The series of apparently formulaic and uninformative ministerial answers to questions from Parliamentarians seeking to establish when the Government is proposing to comply with an obligation imposed on it by Parliament is not uplifting.  Nor, perhaps, does it give much reassurance as to the effectiveness of the Executive’s accountability to Parliament in an area of legitimate public concern and debate.



  1. tureksite says:

    Let me share my only experience of “secret justice” – which was with my JP hat on.

    I chaired a court which was to hear an allegation of domestic violence. An order had been granted for “screens” – which means a curtain in front of the witness box so that the Defendant cannot see the witness but counsel and the Bench can. There had been no application for a video-link.

    The prosecutor, I think slightly embarrassed, said that the complainant felt unable to give evidence if the Defendant was in the room and able to hear her; his presence would make it impossible.

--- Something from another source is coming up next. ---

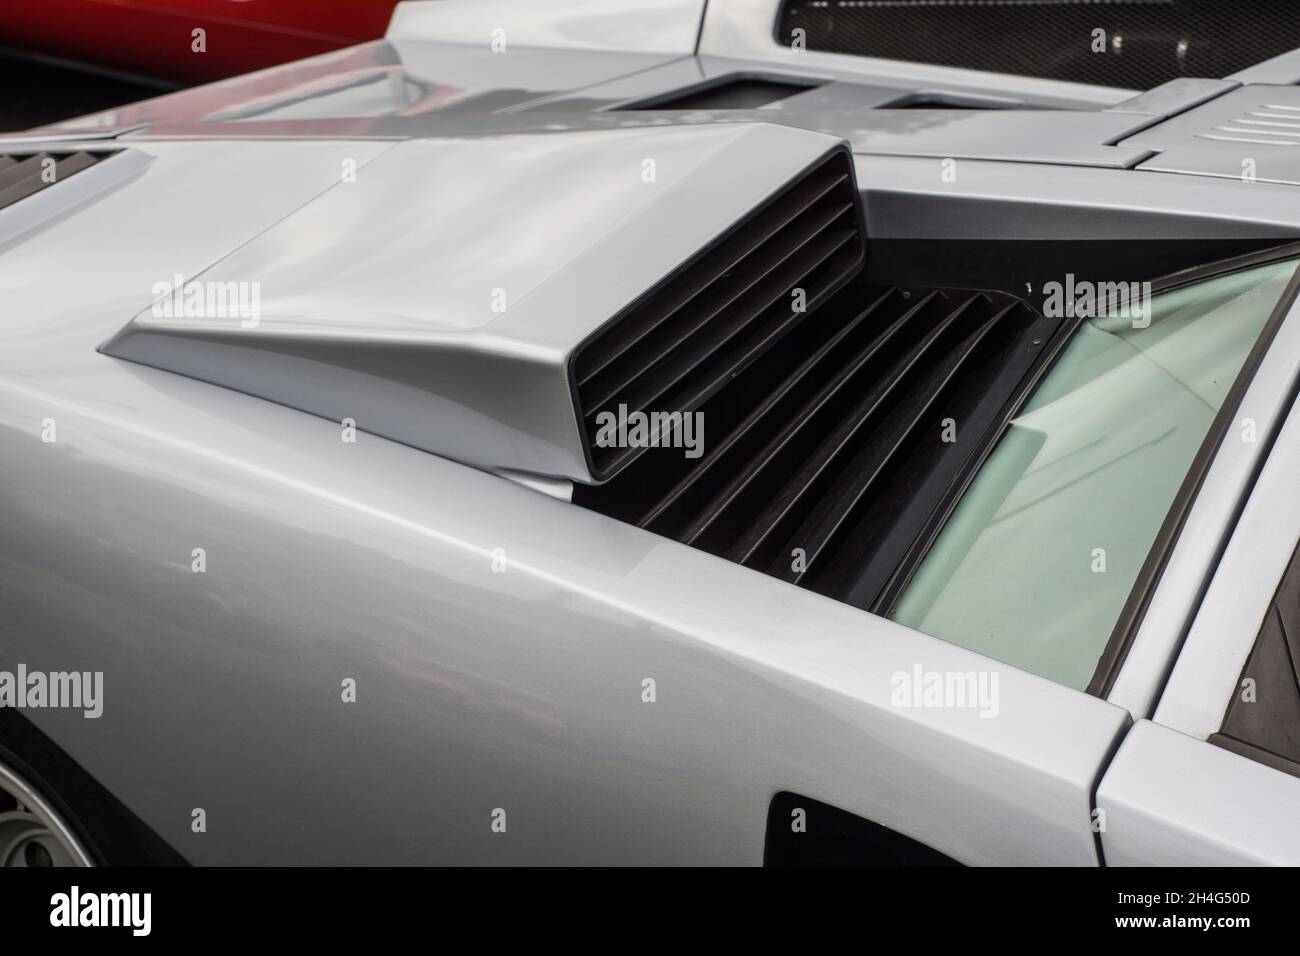 Close up detail of engine air vents on a silver Lamborghini Countach LP400 sports super car Stock Photo
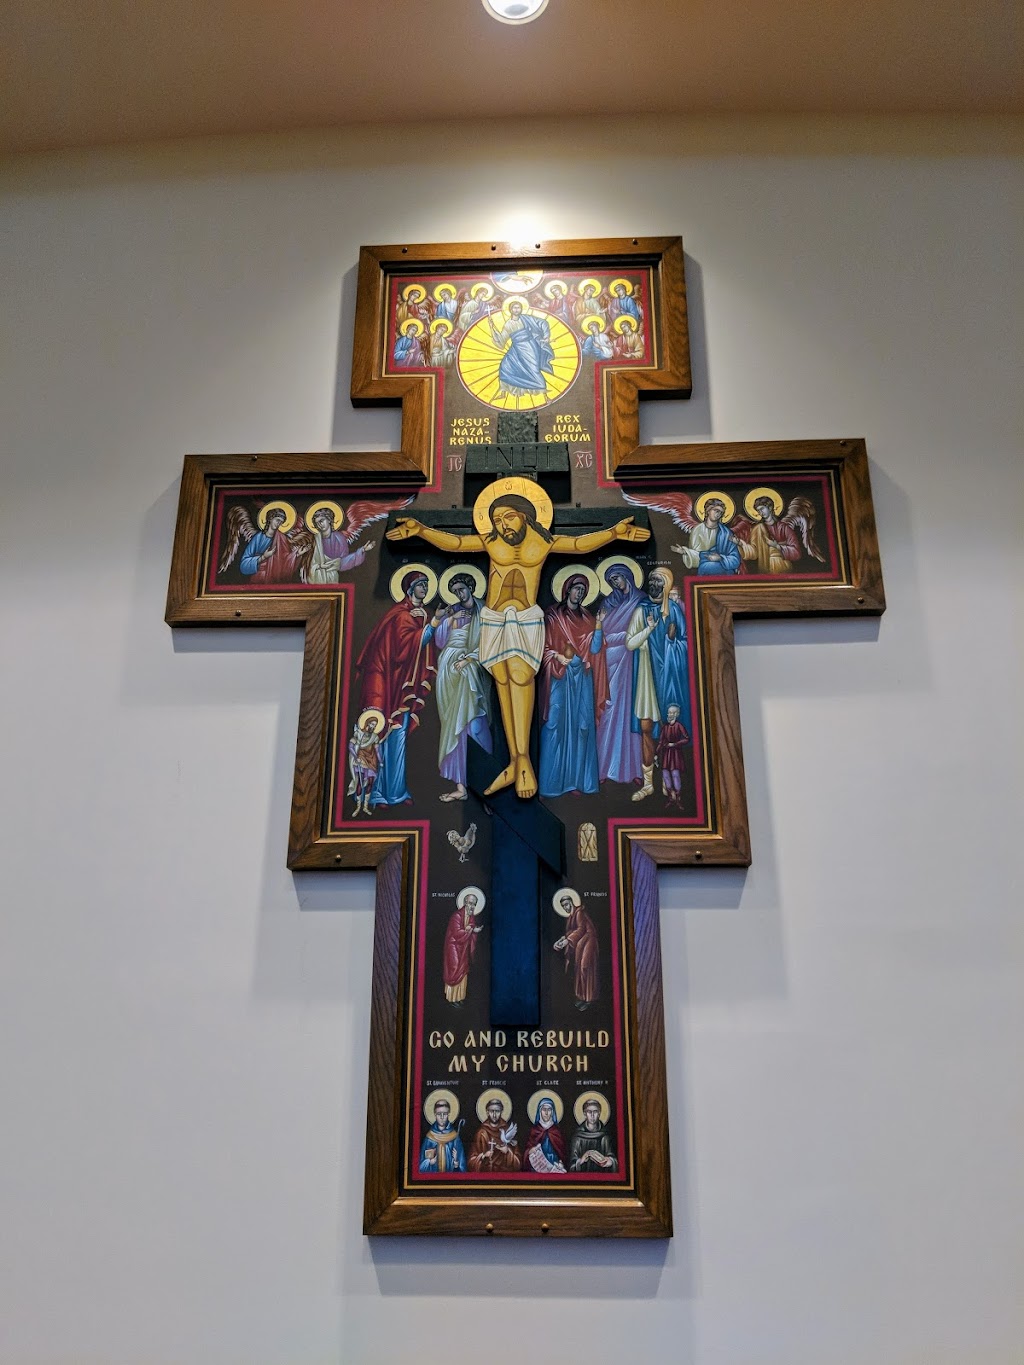 St Nicholas Byzantine Catholic Church | 13 Pembroke Rd, Danbury, CT 06811 | Phone: (203) 743-1106

I asked where it was suggested he should go and the answer was “The hall outside or the cells”.

    I asked counsel for the Defendant for his submissions which were brief and helpful. “Your Worships, it is my client’s right and duty to be present throughout his trial”.

    We agreed and dismissed the application. The prosecutor offered no evidence and the case was dismissed. And we were right.

  2. Jonathan Edwards says:

    At least in Englandandwales we have a Special Advocate. They don’t have them in the US FISA Court, do they? Has led to surveillance warrants being badly misused there. Need that JR here

  3. Interesting and shocking. Someone, must self appoint themselves as the Reviewer, alternatively can an independent reviewer be appointed or even a volunteer.
    A written objection needs to be submitted to whoever is currently responsible with a set deadline of max 2 weeks given what it appears Government unwilling to co-operate. Without a deadline nothing will be resolved.

  4. Judith Carter says:

    Funding for the litigation must be obtained before commencing proceedings.

  5. Angus McCullough QC says:

    Thanks for your comment. As you point out, there is no doubt about the mandatory nature of the duty. It may be hoped that a JR would not be necessary for the duty to be discharged, but disappointing that a series of parliamentary questions have not prompted compliance so far …

  6. David Lamming says:

    On the basis that the ‘Secretary of State’ referred to in section 13 is the Justice Secretary (aka the Lord Chancellor) and noting that it is ministers in the Justice department who have been giving the formulaic answers to MPs’ questions about the review), someone with a sufficient interest (one of the special advocates, perhaps) should commence judicial review proceedings against Robert Buckland seeking a mandatory order to compel the secretary of state to appoint the reviewer on the basis that he (and his predecessors) have failed in their statutory duty to do so. The word in subsection (1) is “must”, so he cannot wriggle out of it by saying that he has a discretion in the matter.